Пальцы его застучали по столешнице. Я стоял, глядя в пол. На душе было скверно; Мохнатый Тони, как всегда, говорил без утайки, без лишних прикрас, при этом отнюдь не сгущая краски. Он озвучил мысли, которые мы с Такером упрямо гнали прочь, которых боялись и которые, тем не менее, упрямо будоражили наш разум.

Когда человека убивает человек, это всего лишь трагедия. Когда человека убивает гоблин, это уже расизм. Ну а у нас помимо этого будет еще и нежелание гоблинов пускать в профессию людей. Чем не повод для всеобщего смертоубийства?

– В общем, я обозначил масштабы трагедии, – сказал Мохнатый Тони, поднимаясь со стула, – а там уж думайте сами. Только учтите: если ситуация выйдет из-под вашего контроля, я вмешаюсь без предупреждения, и тогда даже не пытайтесь меня остановить. Я не позволю, чтобы Цветочный бульвар утонул в крови.

С этими словами хозяин Севера вышел из кабинета и плотно закрыл за собой дверь.

– Проклятый уголовник, – выругался Квинси, откинувшись на спинку кресла. – Вздумал меня учить… Меня! Офицера полиции, главу полицейского управления Бокстона!

– Но ведь он прав, сэр, – тихо заметил я.

Такер резко повернул голову и посмотрел на меня так, будто я только что вонзил нож ему в спину. Однако огонь в его глазах быстро угас, и Квинси, шумно выдохнув сизый дым, признал:

– Прав. И потому нам кровь из носу надо в кратчайшие сроки отыскать ублюдка, отправившего слепого цветочника в царство Вечного Червя. Напомни, когда там будут готовы результаты?

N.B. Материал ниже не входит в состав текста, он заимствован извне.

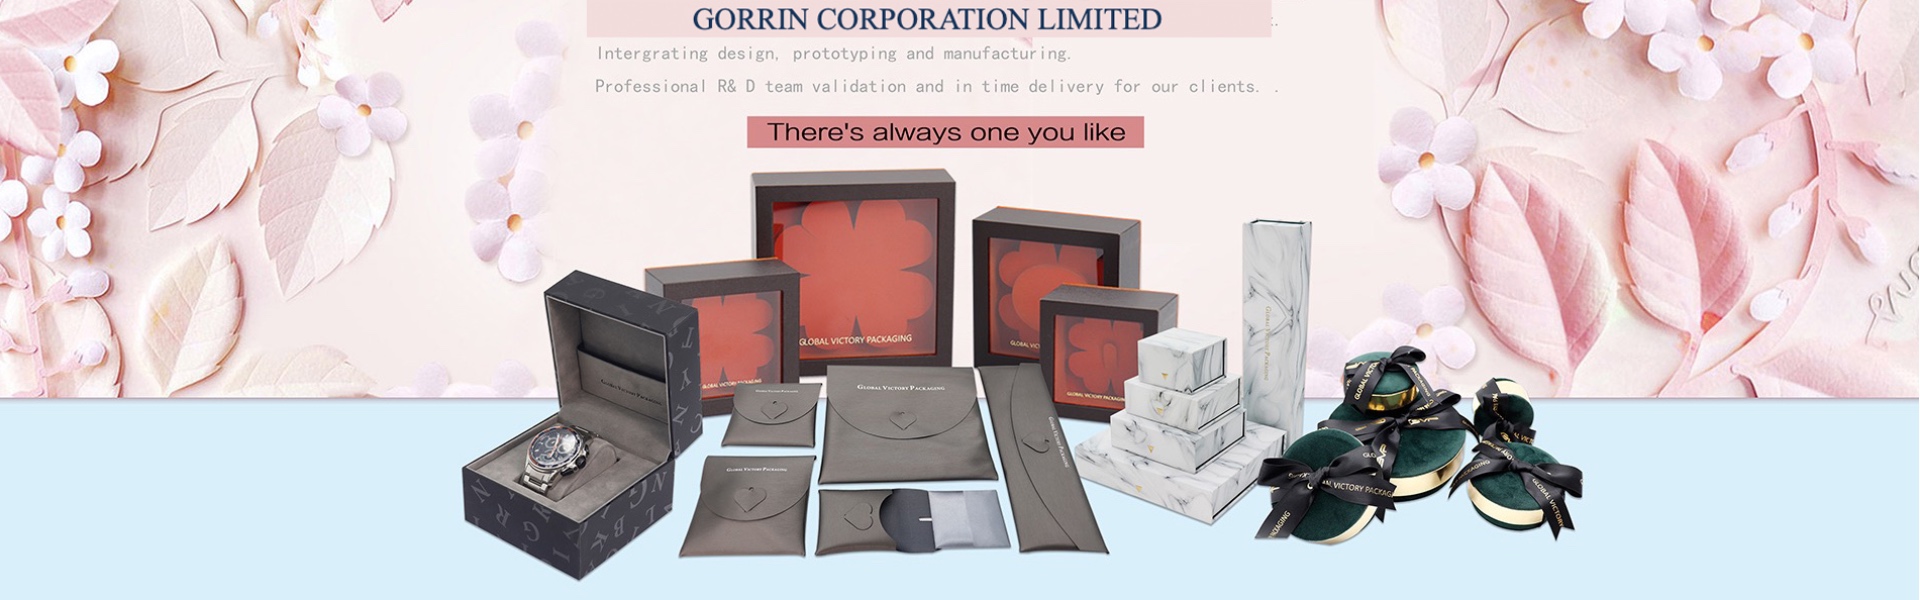 ジ ュ エ エ リ ー 、 ジ ュ エ エ リ ー ボ ー ク ス,Gorrin corporation limited

– Гафтенберг сказал зайти ближе к обеду.

– Ближе к обеду? – оторопело хмыкнул капитан. – Ха! Совсем обленился, негодяй!.. Иди в лабораторию прямо сейчас и скажи старому прощелыге, что он должен закончить с экспертизой через пятнадцать минут. А мы тут пока попытаемся узнать, есть ли у Мейси алиби.

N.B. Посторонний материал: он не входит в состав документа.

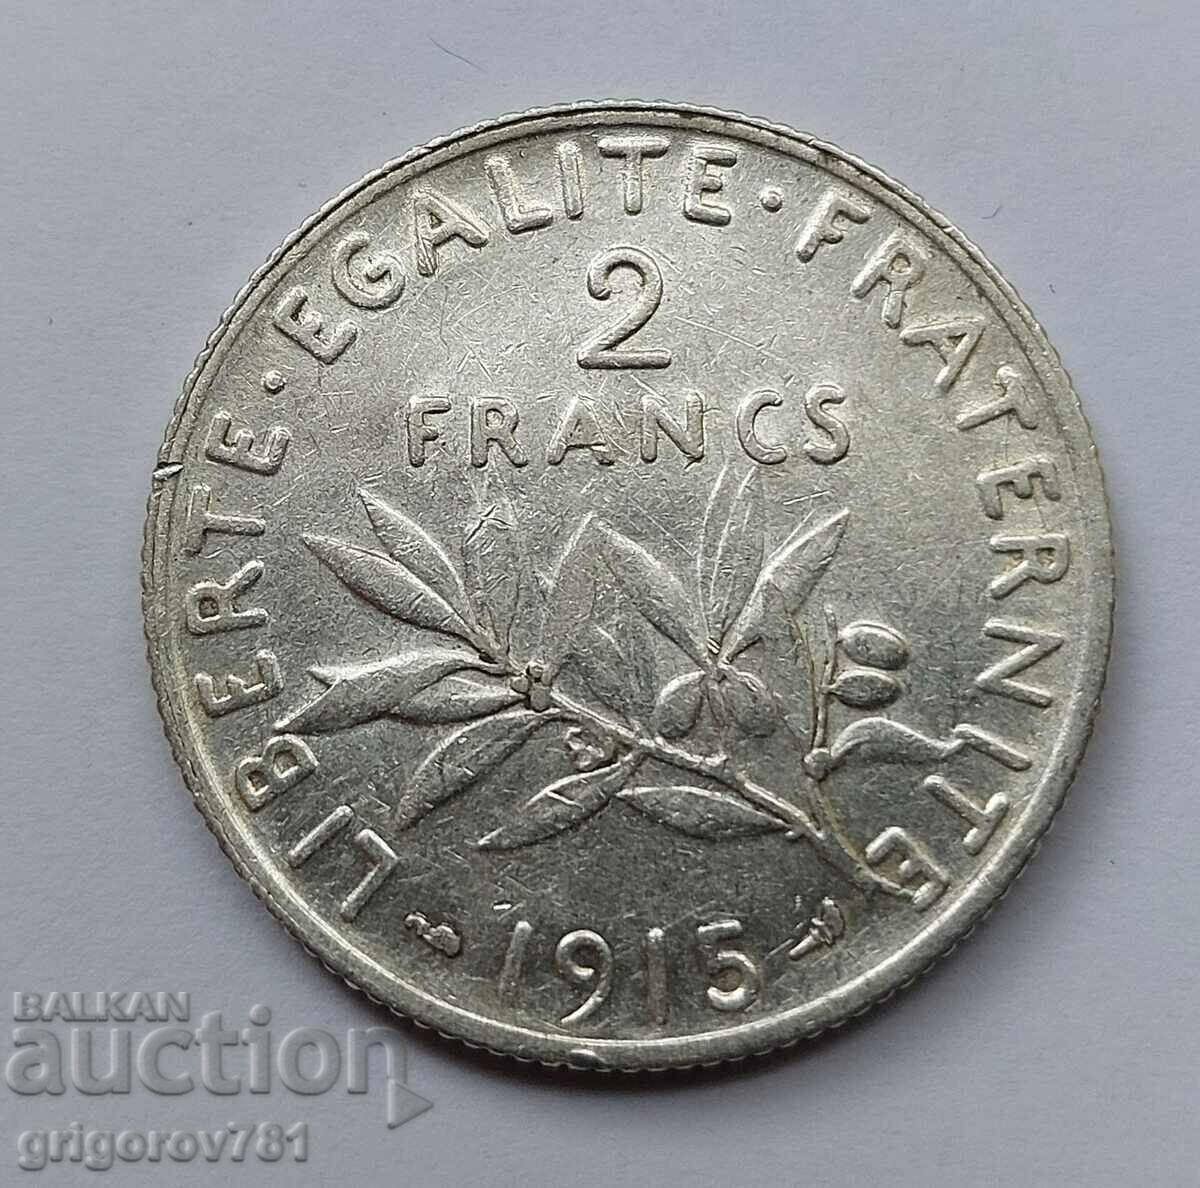 2 Franci Argint Franta 1898 - Moneda de argint #30

Я кивнул и, отклеившись от стены, пошел к двери.

Угораздило же нас попасть в передрягу, думал я, шагая через общий зал к выходу. Как в картах: бывает, масть идет, а, бывает, одна мелочь приходит, только и успеваешь сливать. Слепого флориста убивают прямо посреди Цветочного бульвара, в двух кварталах от дома, буквально через месяц после открытия «Букетной долины». Удивительное «совпадение»! На месте Дир-Дира я бы тоже не преминул заострить на этом внимание собратьев.

Однако Кайл Мейси был из той редкой породы людей, кого не станешь подозревать, даже если очень сильно захочешь. Как верно заметил Такер, физически парень не мог соперничать даже с низкорослым гремлином, что уж говорить о старом, но все еще довольно крепком гоблине. Любой, кто был знаком с Кайлом хотя бы шапочно, подтвердил бы, что человека более безобидного и доброго не то что в Бокстоне – во всей Чернике не сыщешь. Шар ведь не зря определил для Мейси судьбу цветочника: мягкий и чуткий, парень действительно привнес во флористику толику изящества, которой так недоставало гоблинам, – при всей своей трепетной любви к цветам зеленокожие ребята оставались неуклюжими и грубоватыми верзилами. Как говаривал Ромидаль: «Научиться играть на рояле может любой, но не у всякого выйдет музыка». Вот и тут была ровно та же закавыка: букеты гоблинов, несомненно, талантливые и красивые, до гениальных творений Мейси дотягивали едва ли.

Так что нежелание пускать в профессию посторонних – всего лишь отговорка. На самом деле гоблины просто боялись потерять в деньгах.

Банально, конечно, но зато логично и весьма похоже на правду.

С мотивами неизвестного убийцы было куда сложней. Понять, с кем мы столкнулись – с хладнокровным киллером или же психопатом, – я пока что не мог. Все, чем я располагал, – это запах рыбы. Жертва не видела нападавшего, потому что была слепа. Собака жертвы видела нападавшего, но не могла его описать, потому что была собакой. Отправленная Рупертом по следу мерзавца, она бессовестным образом привела нас в рыбацкий поселок и, по сути, макнула головой в воду, будто намекая, что мне следует остудить свой пыл, забыть о чародействе и сосредоточиться на традиционных приемах сыска.

Таким образом, мне оставалось надеяться лишь на профессионализм ворчуна Гафтенберга. Шагая к дверям лаборатории, я уже знал, что он спросит, едва увидит меня.

– Надо понимать, убийцу ты не нашел? – проскрипел Адам, подозрительно сощурившись.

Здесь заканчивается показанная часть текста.